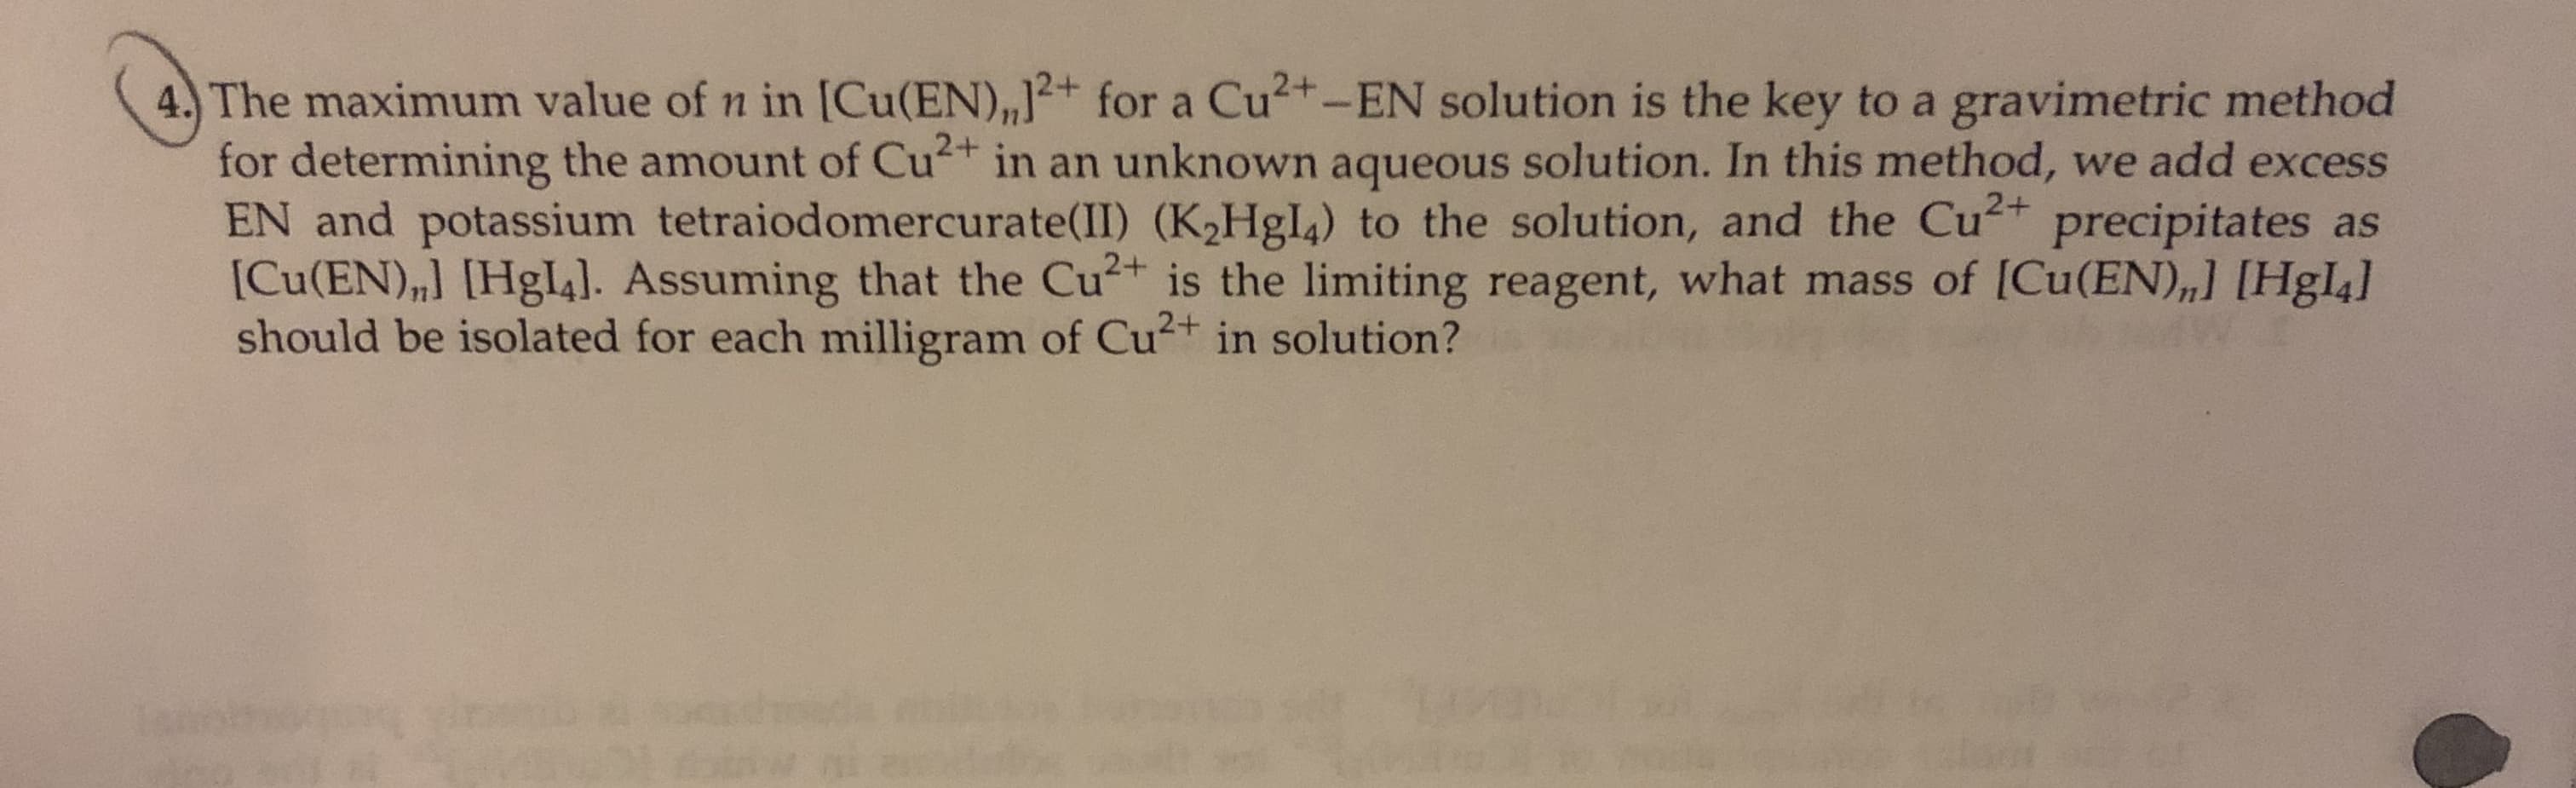 4. The maximum value of n in [Cu(EN),,J for a Cu2+-EN solution is the key to a gravimetric method
for determining the amount of Cu in an unknown aqueous solution. In this method, we add excess
EN and potassium tetraiodomercurate(II) (K2H8I4) to the solution, and the Cu precipitates as
[Cu(EN),] [Hgl4]. Assuming that the Cu is the limiting reagent, what mass of [Cu(EN),] [Hgl4]
should be isolated for each milligram of Cu2 in solution?
+
2+
2+
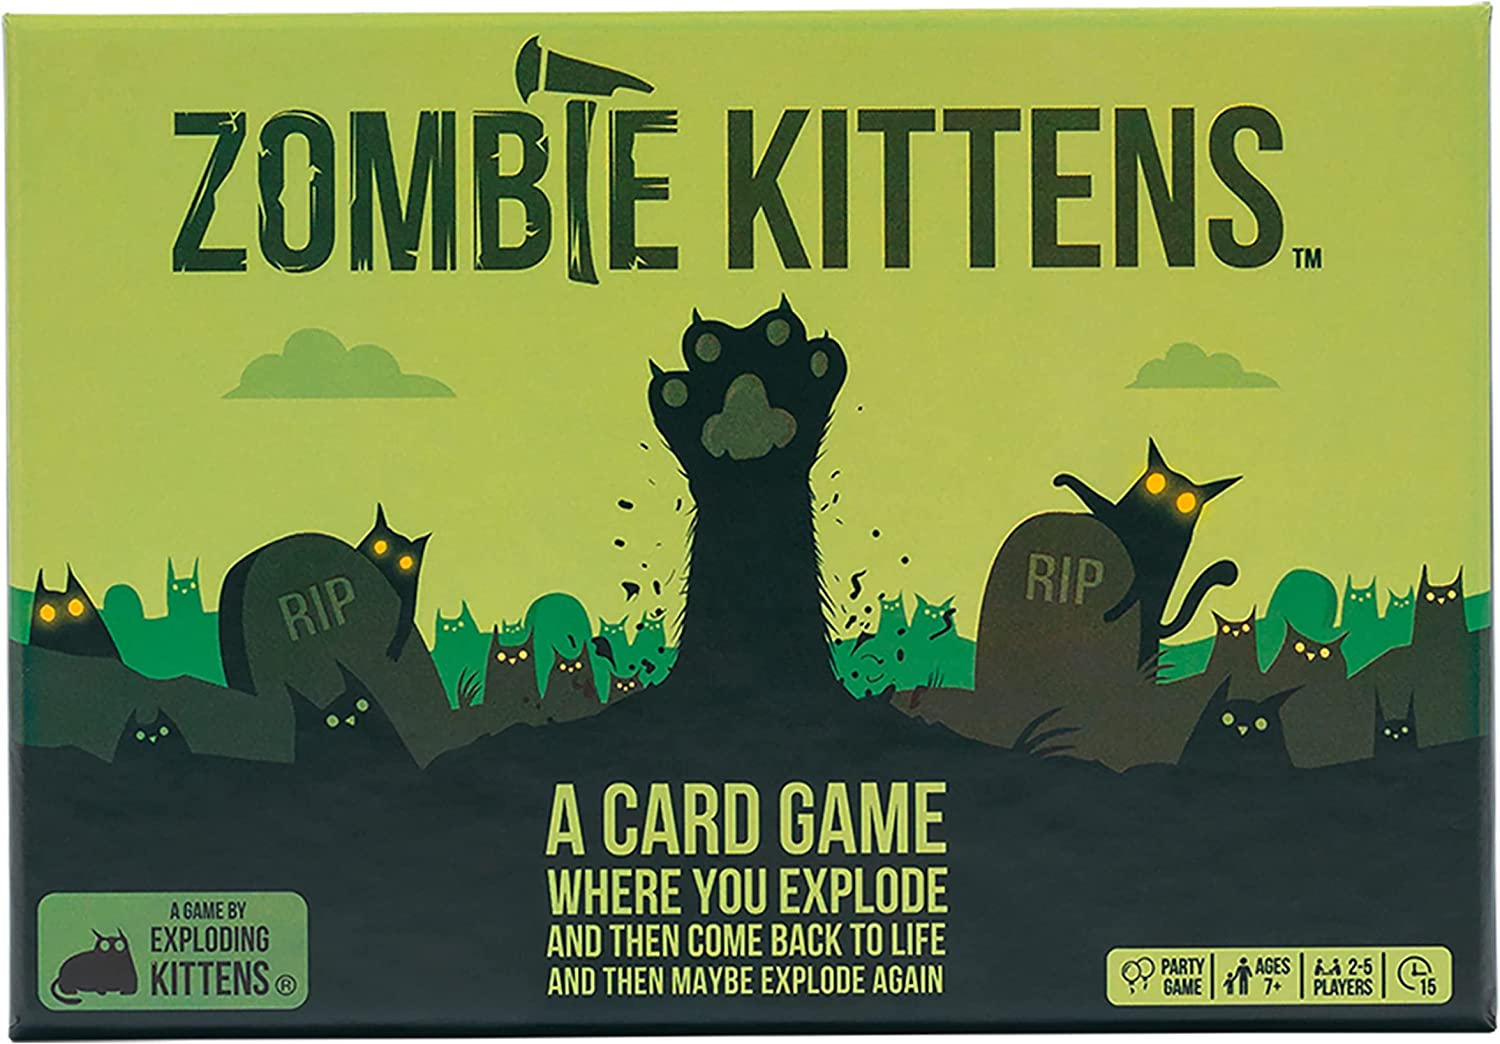 How to play: Exploding Kittens is a highly-strategic, kitty powered version of Russian roulette. Players draw cards until somebody draws an exploding kitten. At which point they explode and they
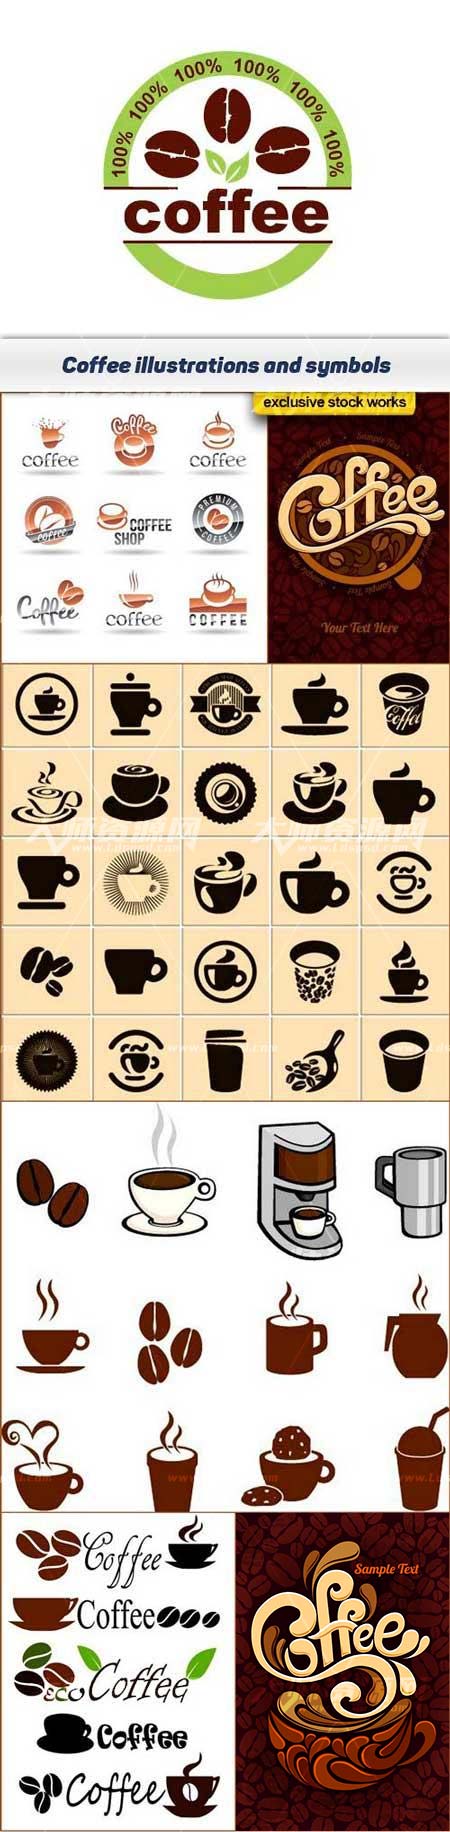 Coffee and hot drinks illustrations and symbols
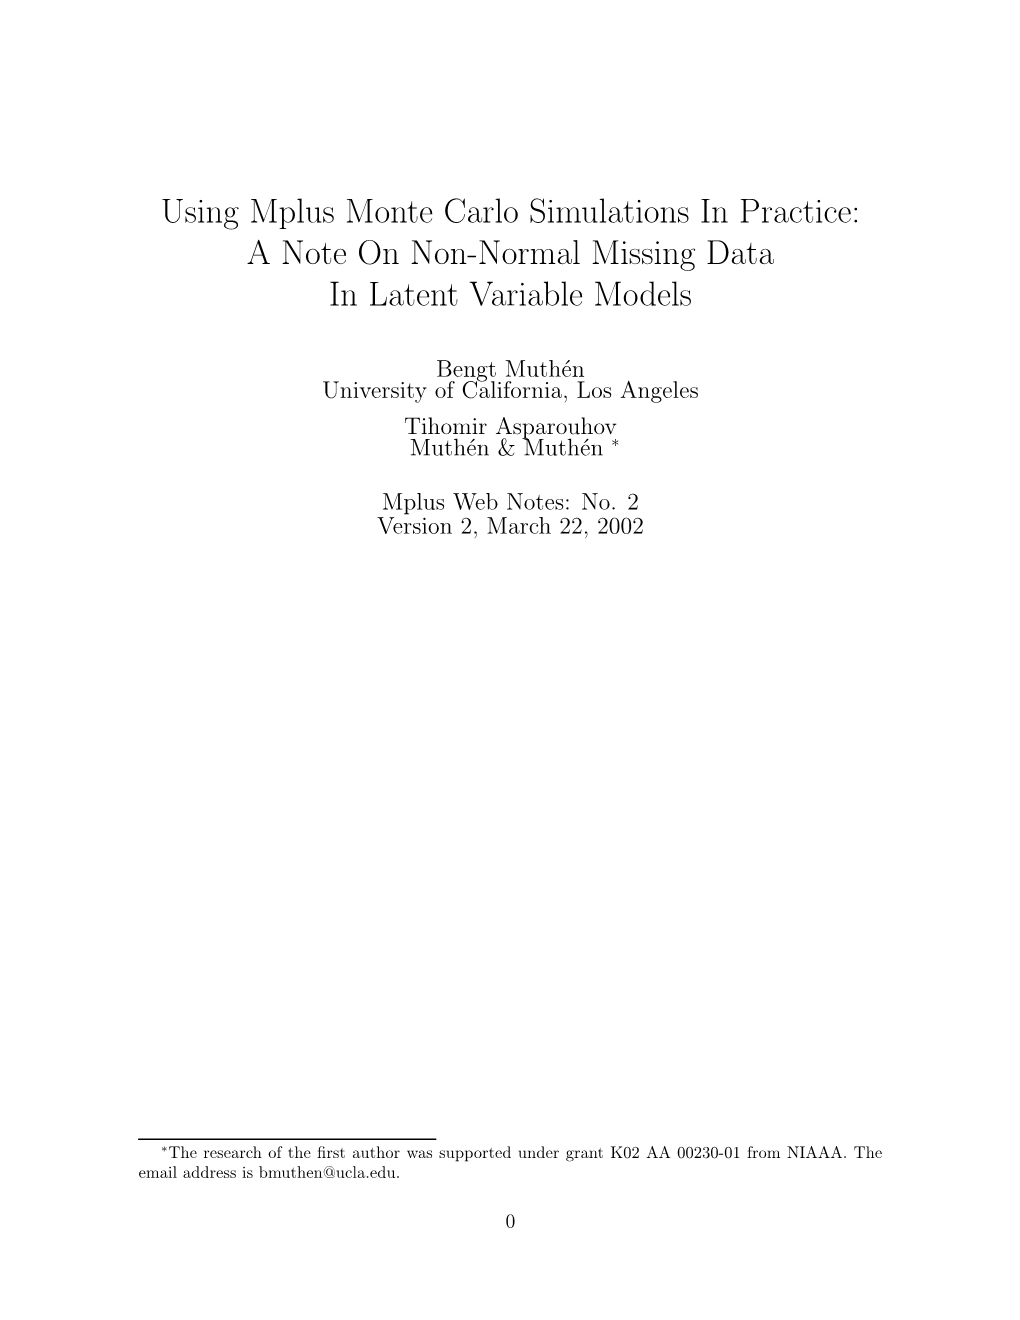 Using Mplus Monte Carlo Simulations in Practice: a Note on Non-Normal Missing Data in Latent Variable Models

==========

→ **PROBLEM DETAILS**
The entire listing above, word for word and without pictures, is what should be output.

→ **RESULT OF THE EXERCISE**
 4. The maximum value of n in [Cu(EN),,J for a Cu2+-EN solution is the key to a gravimetric method
for determining the amount of Cu in an unknown aqueous solution. In this method, we add excess
EN and potassium tetraiodomercurate(II) (K2H8I4) to the solution, and the Cu precipitates as
[Cu(EN),] [Hgl4]. Assuming that the Cu is the limiting reagent, what mass of [Cu(EN),] [Hgl4]
should be isolated for each milligram of Cu2 in solution?
+
2+
2+
 How to play: Exploding Kittens is a highly-strategic, kitty powered version of Russian roulette. Players draw cards until somebody draws an exploding kitten. At which point they explode and they
 Coffee and hot drinks illustrations and symbols
 Using Mplus Monte Carlo Simulations in Practice: a Note on Non-Normal Missing Data in Latent Variable Models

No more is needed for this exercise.